* EXERCISE BRIEF
Transcribe the whole listing without a single picture.

+++ GIVEN INFORMATION +++

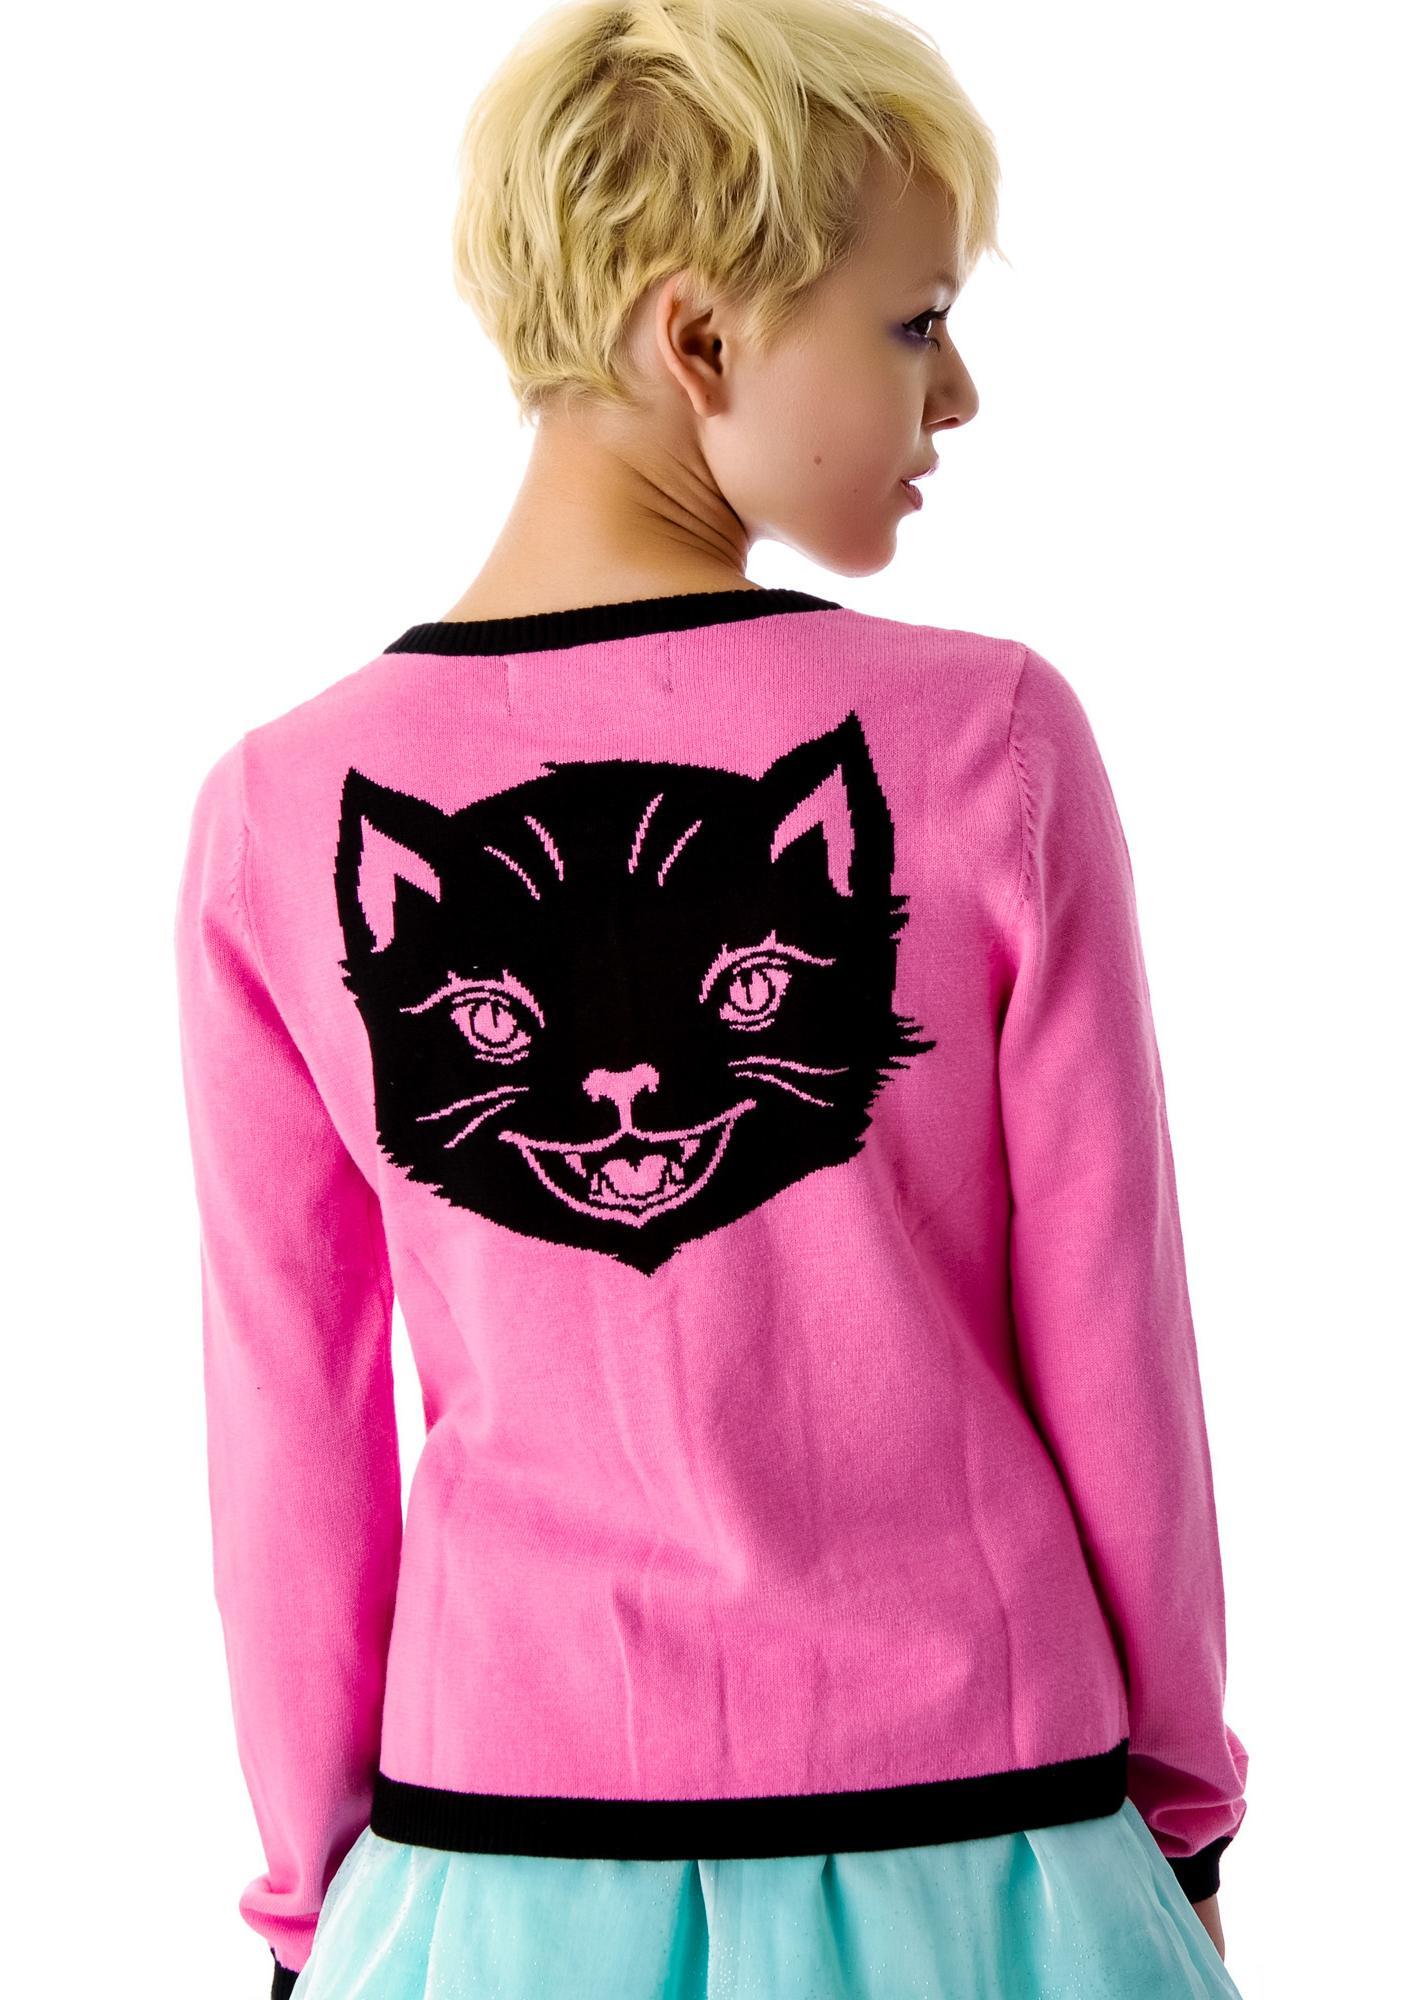 Sourpuss Clothing Hey Kitten Cardigan
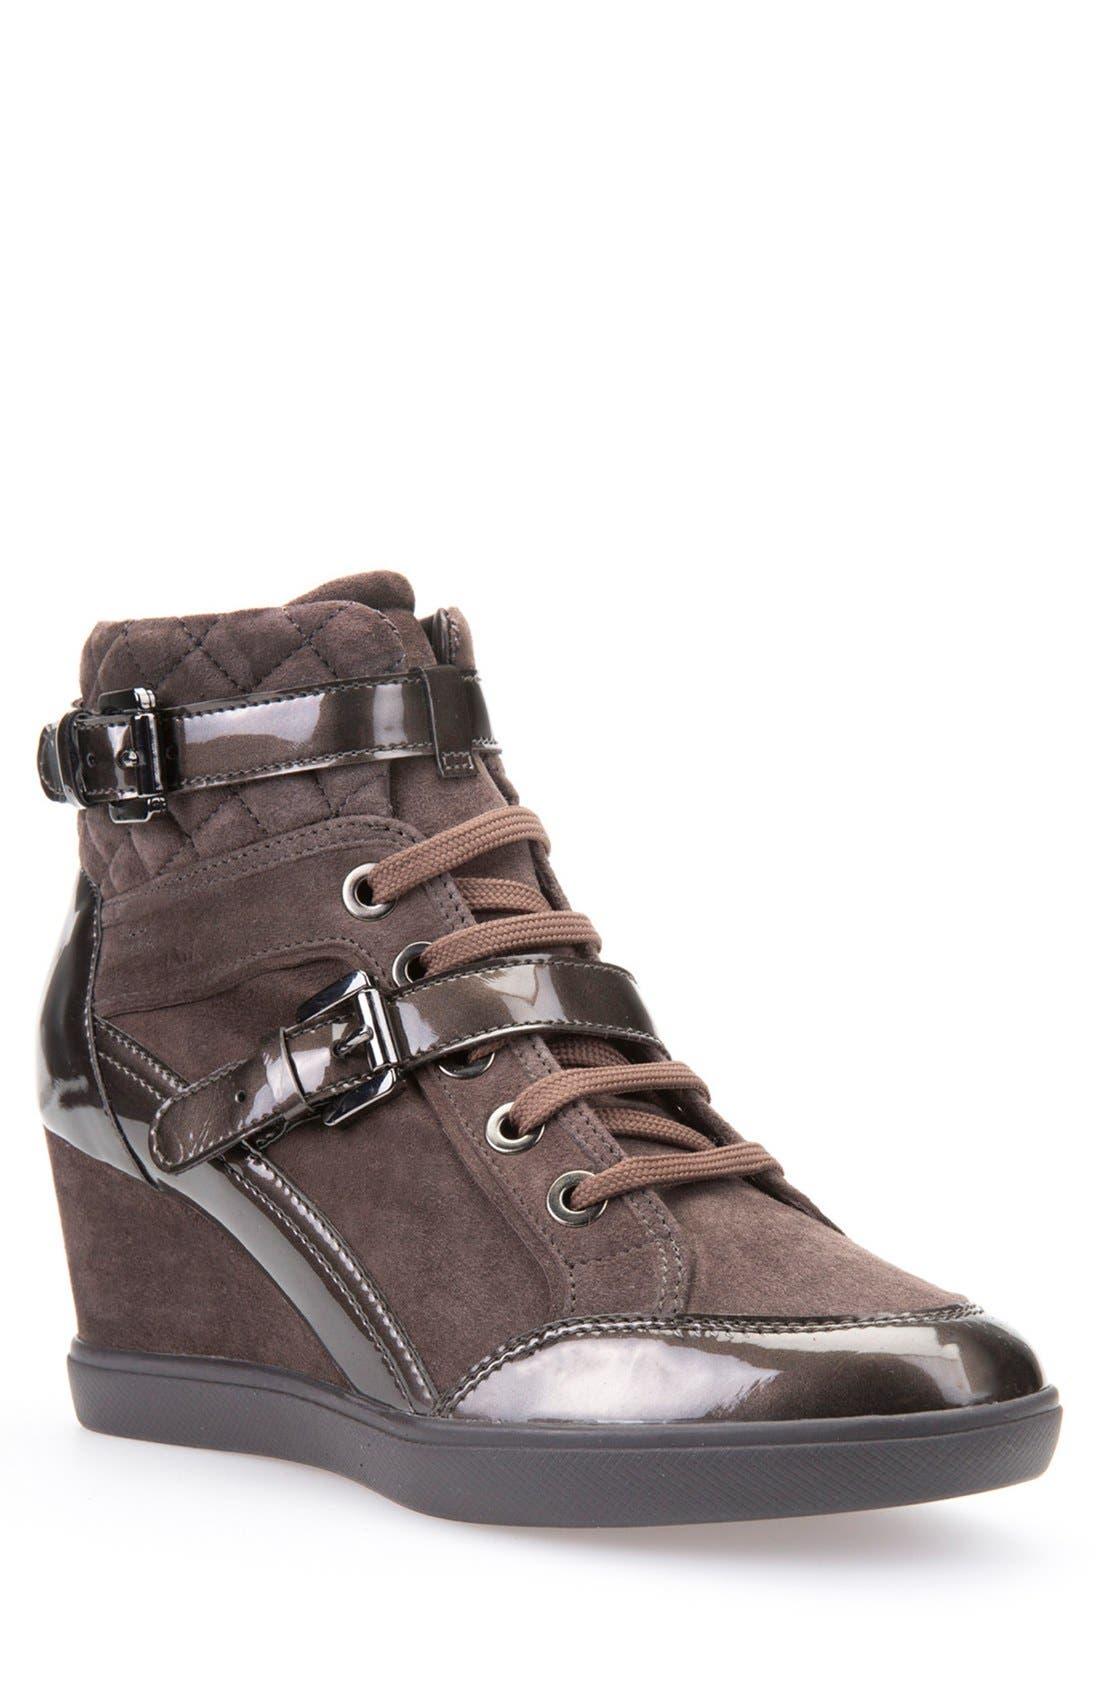 'Eleni' Wedge Sneaker,                             Main thumbnail 1, color,                             Chestnut Suede
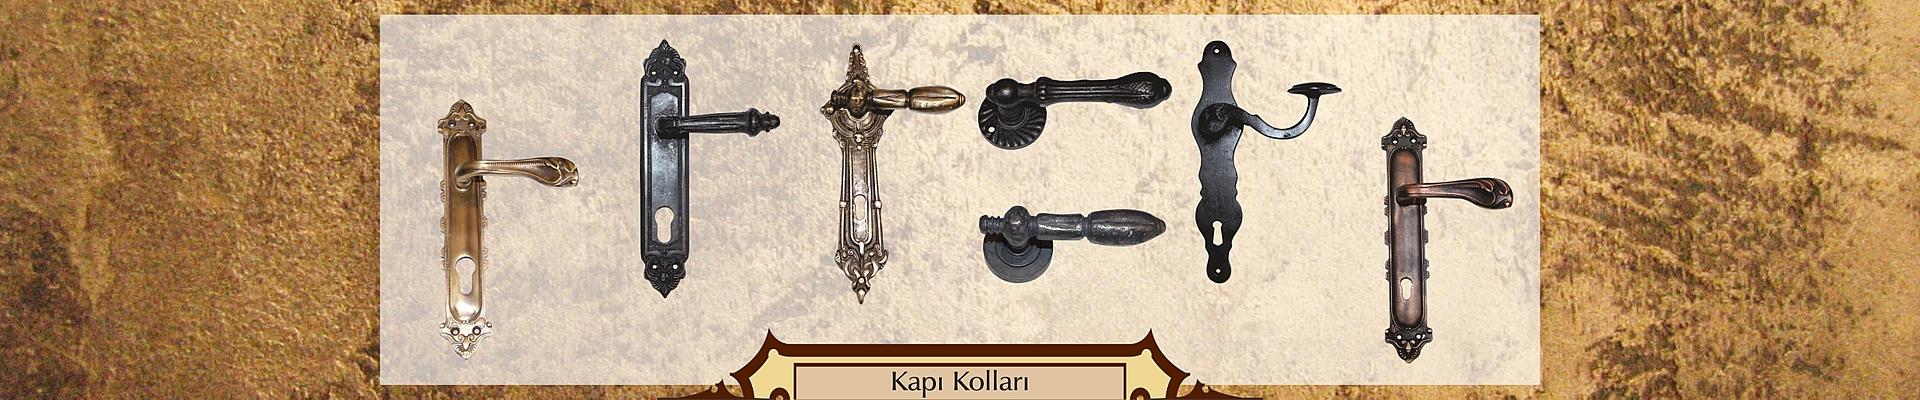 Kapı Kolu Baner1

+++

* RESPONSE TO THE TASK
 Sourpuss Clothing Hey Kitten Cardigan
 'Eleni' Wedge Sneaker,                             Main thumbnail 1, color,                             Chestnut Suede
 Kapı Kolu Baner1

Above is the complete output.